But more research is needed before your doctor will routinely prescribe it for prevention.
You may know that low doses of aspirin, taken daily, can help reduce the risk of several serious health issues. Studies have also found that an aspirin regimen might help prevent cardiovascular disease and certain cancers (such as bladder, breast, liver, and lung cancers), and it now appears that we might be able to add ovarian cancer to the list.
A recent study, conducted by the National Cancer Institute (NCI), found that women who take aspirin daily might have 20 percent reduced risk of ovarian cancer, and an even greater reduction with low-dose aspirin.
New findings about prevention of any form of cancer are always good news, but when it comes to ovarian cancer, promising ways to reduce risk are particularly welcome. There are currently no standard screening measures for the disease, and symptoms can be misleading because they’re similar to gastrointestinal and other common health issues. As a result, ovarian cancer is often not diagnosed until it’s reached advanced, hard-to-treat stages.
Why this promise with aspirin? Drugs that fight inflammation in the body, such as aspirin and non-aspirin NSAIDs (nonsteroidal anti-inflammatory drugs) may help reduce the risk of diseases that are associated with inflammation. These include cancer, diabetes, and cardiovascular disease.

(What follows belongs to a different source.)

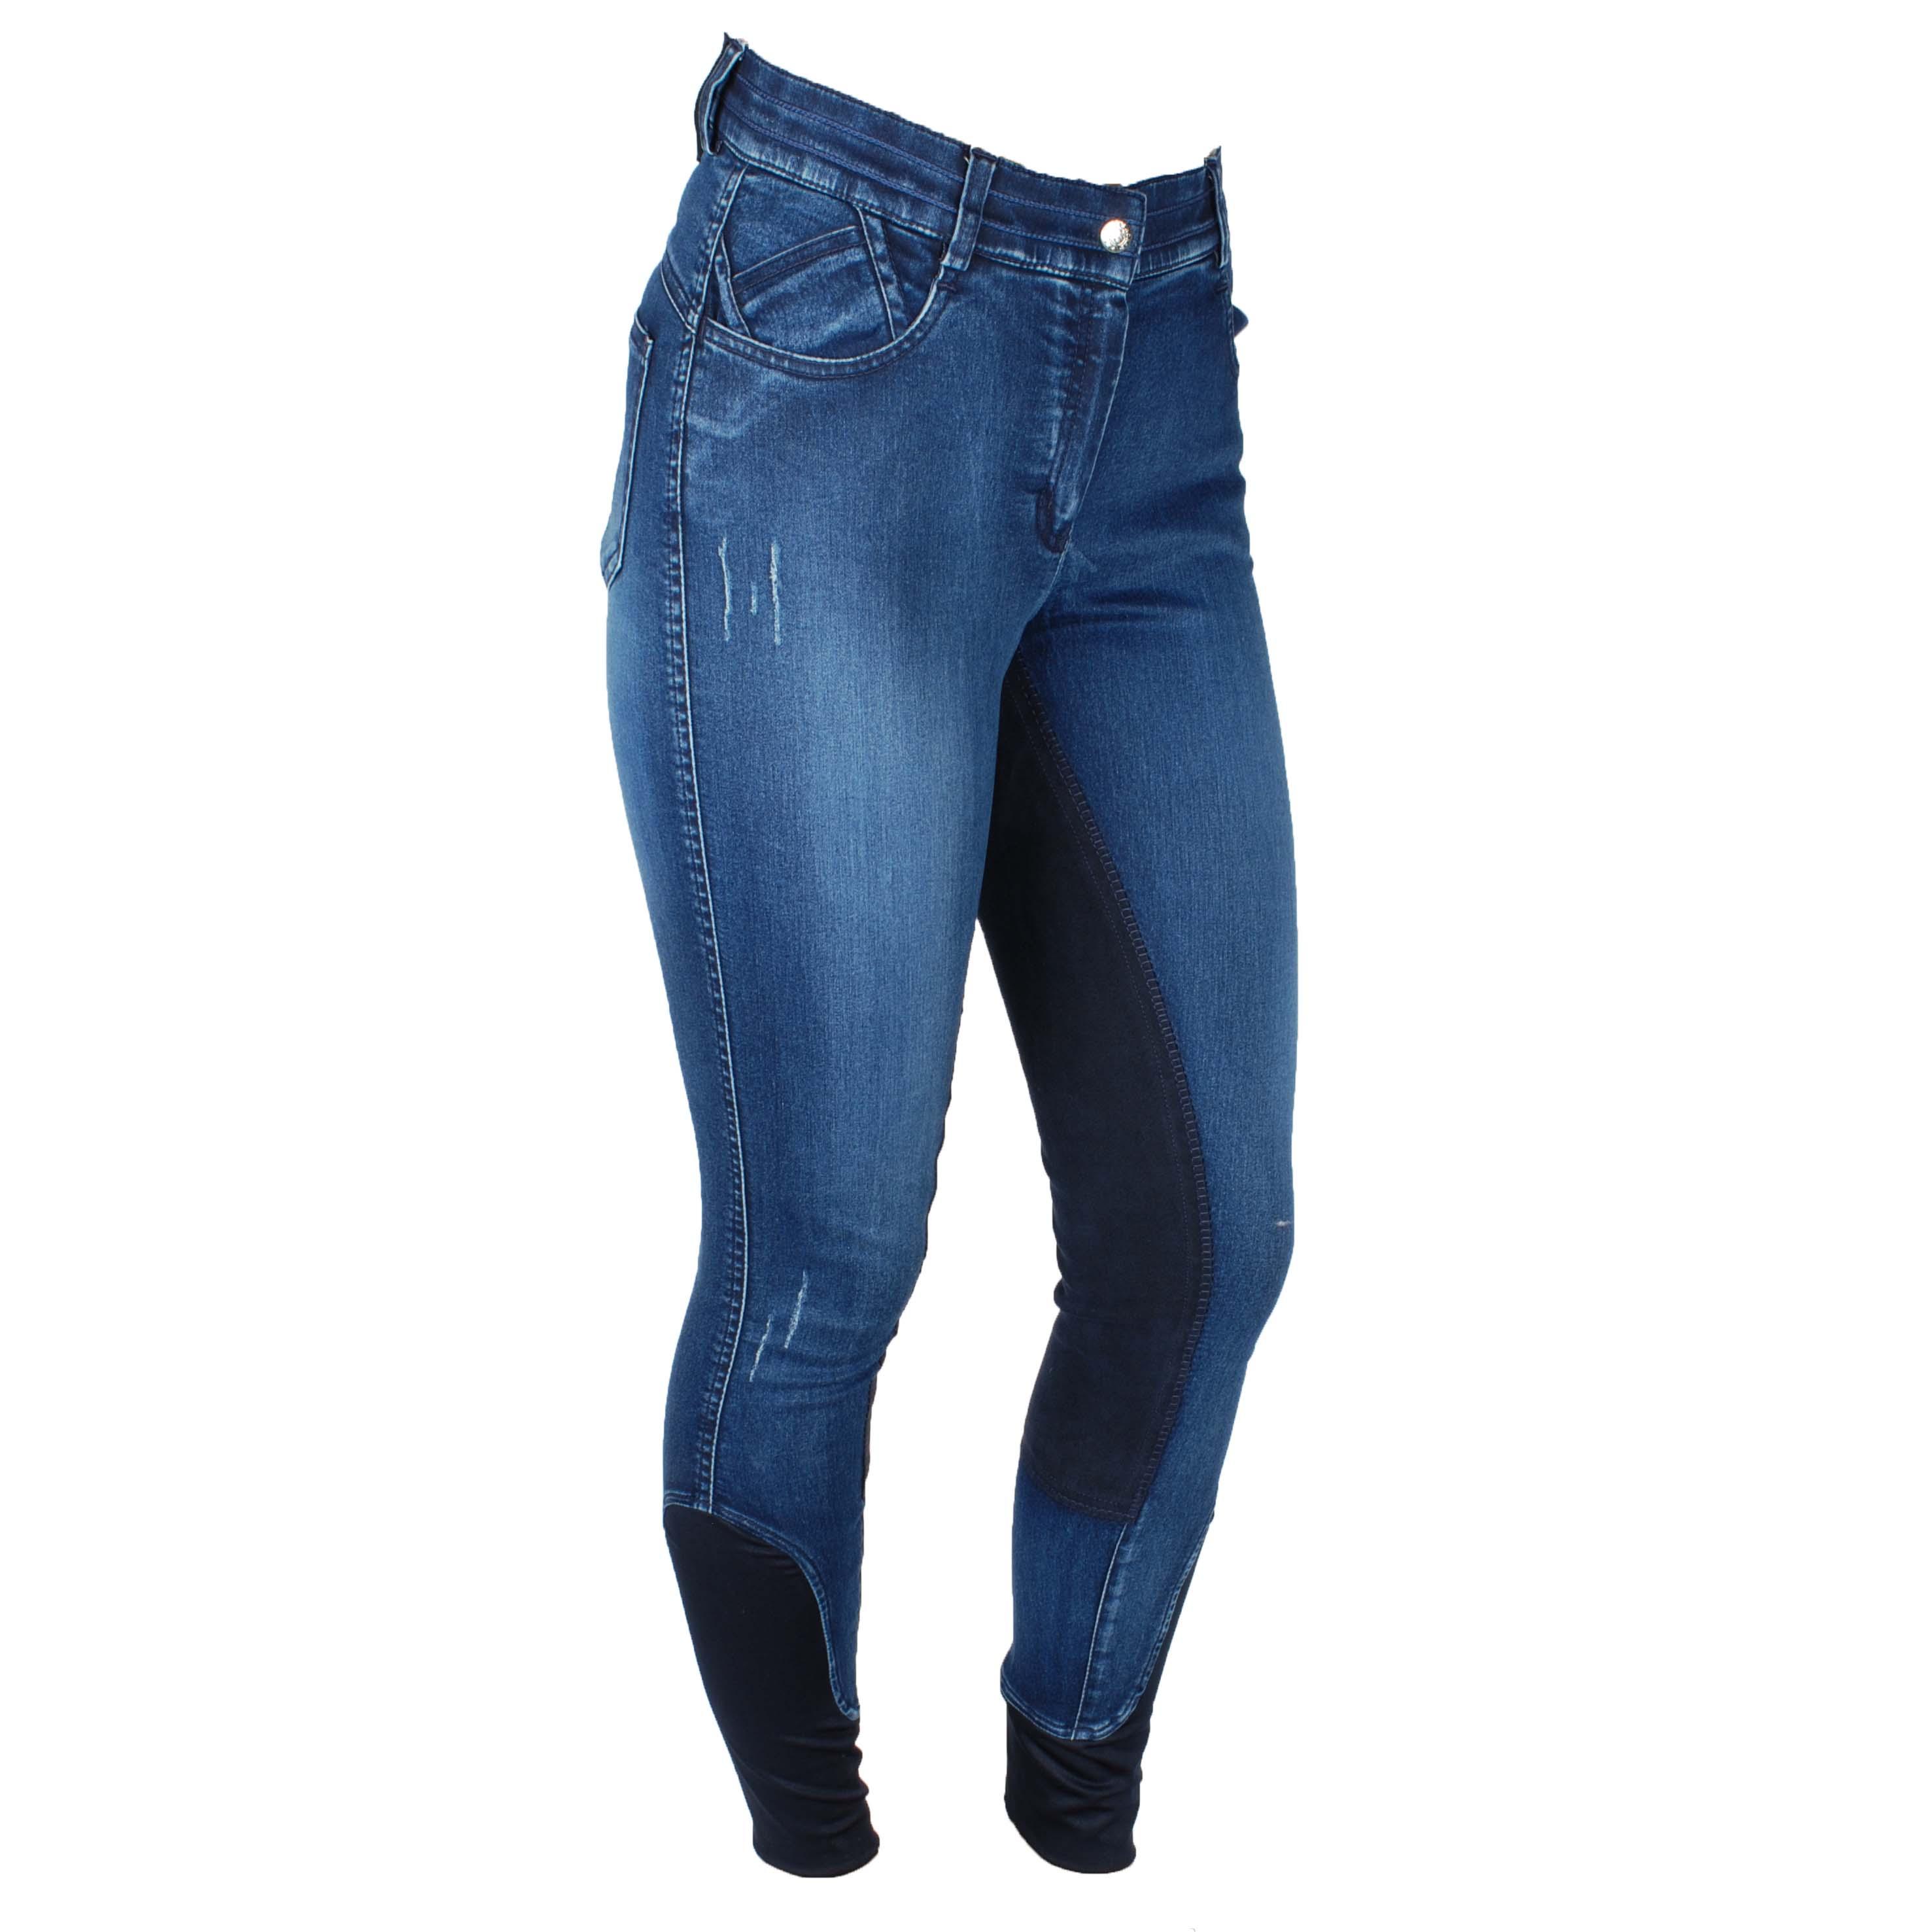 Harrys Horse Burton plus rijbroek jeans maat:40

Researchers with the NCI evaluated women who used aspirin, non-aspirin NSAIDs (such as ibuprofen and naproxen), or acetaminophen (Tylenol®) to find out if these drugs might lower risk of ovarian cancer. They found that women who took aspirin daily had a 20 percent lower risk of ovarian cancer than women who used aspirin less frequently. The risk-reduction was even greater among women you used low-dose aspirin.
Aspirin appeared to offer the best chance of risk reduction compared with non-aspirin NSAIDs or acetaminophen. Though women who used non-aspirin NSAIDs also appeared to have a lower risk of ovarian cancer, the reduction was just 10 percent compared with 20 percent for aspirin. Acetaminophen didn’t appear to reduce risk, likely because the drug is not an anti-inflammatory.

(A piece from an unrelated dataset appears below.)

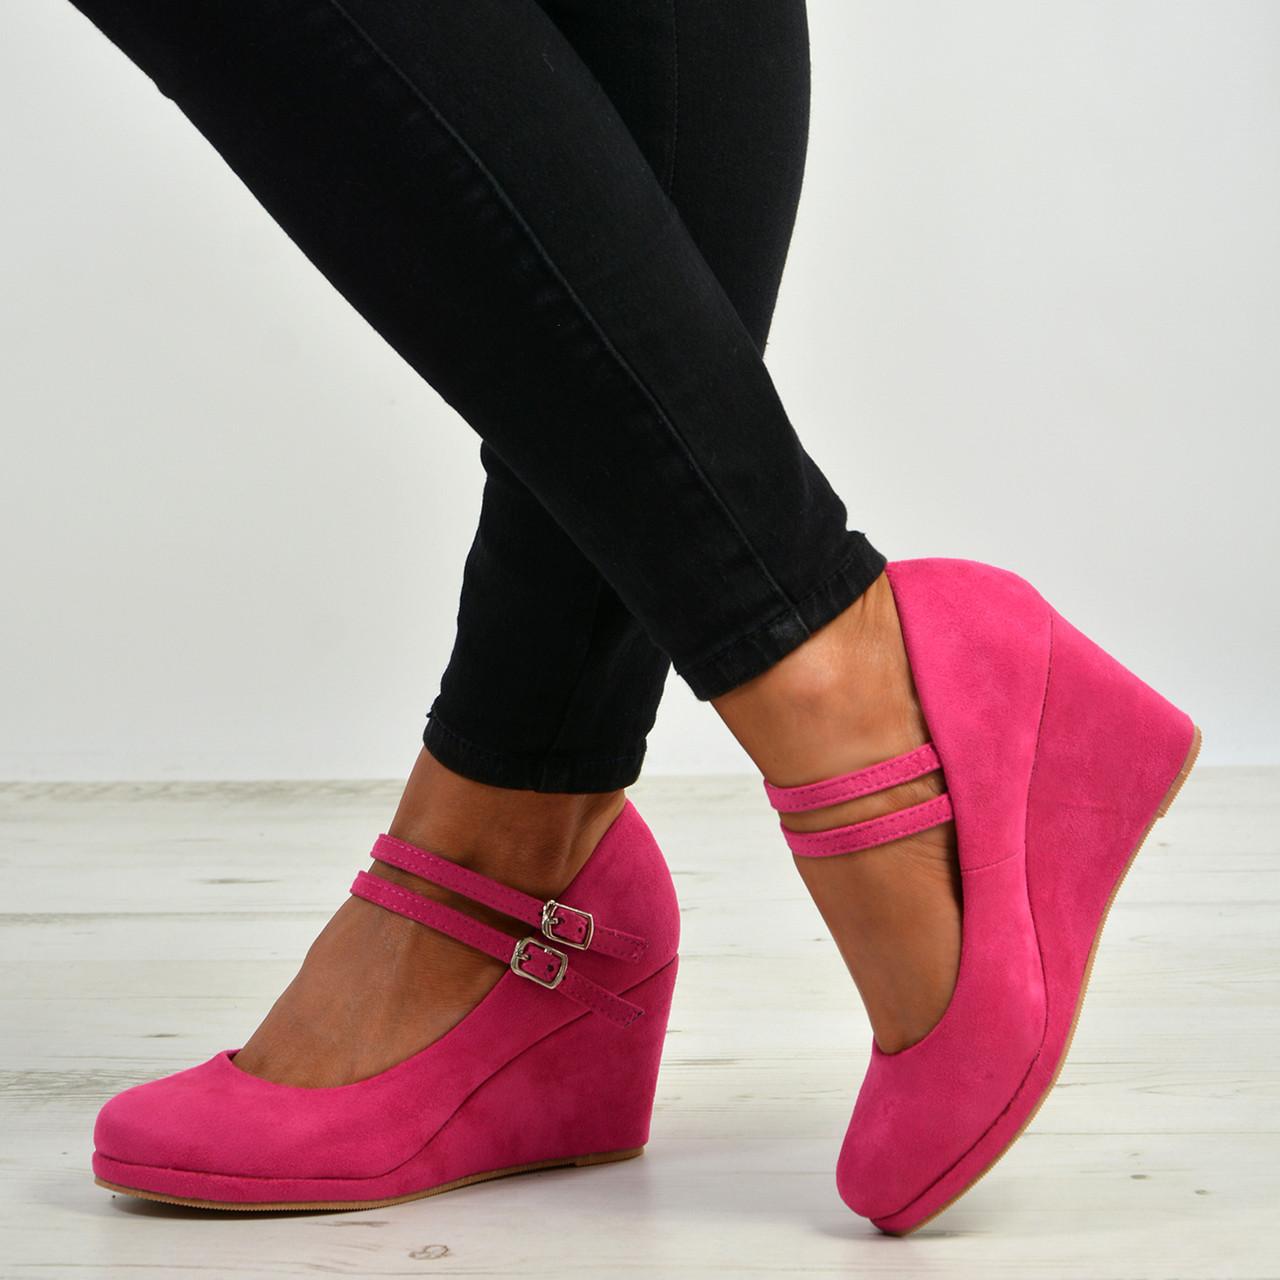 a7e4017f5f Womens Ladies High Wedge Heel Pumps Platform Double Strap Shoes Size Uk 3-8

It’s still too early in the research process to accept aspirin as a proven preventive measure against ovarian cancer. In other words, researchers on the study don’t recommend that physicians start prescribing it as such just yet.

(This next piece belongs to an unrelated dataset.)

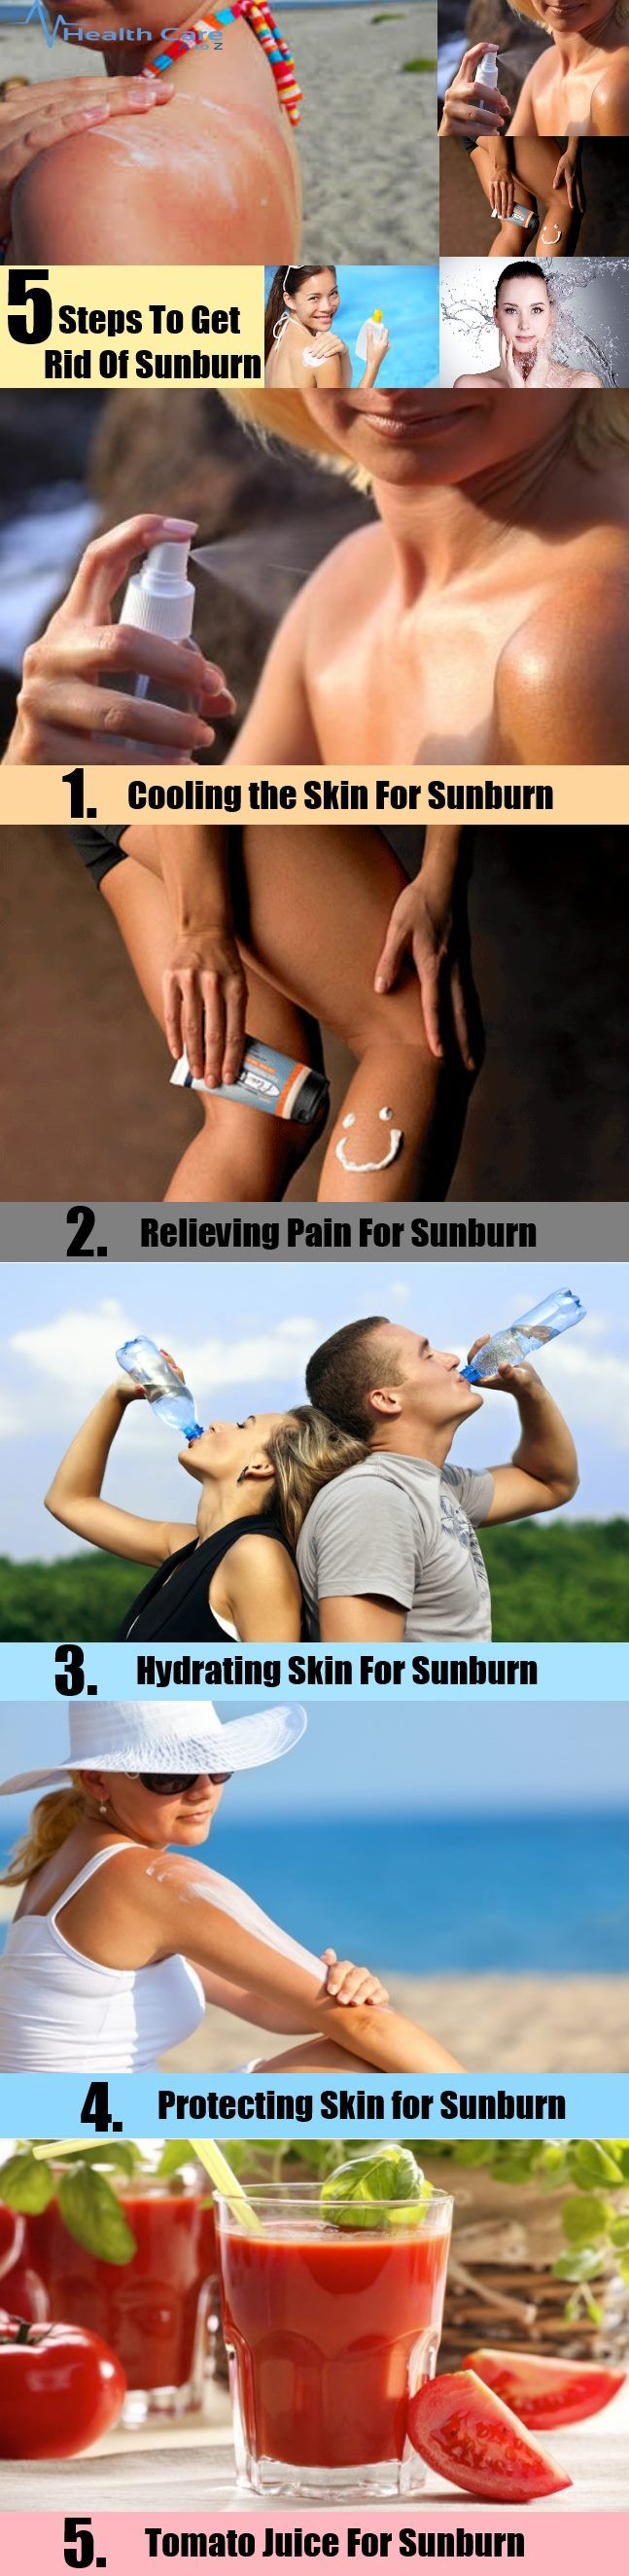 How To Get Rid Of Sunburn - 5 Easy Steps

And be wary of starting your own daily aspirin regimen, whether for ovarian cancer of other diseases. Regular use of aspirin can cause severe side effects (including internal bleeding), so you’ll want to discuss daily use with your doctor.
For now it’s good to know that if you’ve doctor has already approved daily aspirin to reduce your risk of other diseases, you may also be taking a step toward preventing ovarian cancer.
 Trabert B, Ness RB, Lo-Ciganic WH, et al. Aspirin, Nonaspirin Nonsteroidal Anti-inflammatory Drug, and Acetaminophen Use and Risk of Invasive Epithelial Ovarian Cancer: A Pooled Analysis in the Ovarian Cancer Association Consortium. Journal of the National Cancer Institute. 2014;106 (2):doi:10.1093/jnci/djt431.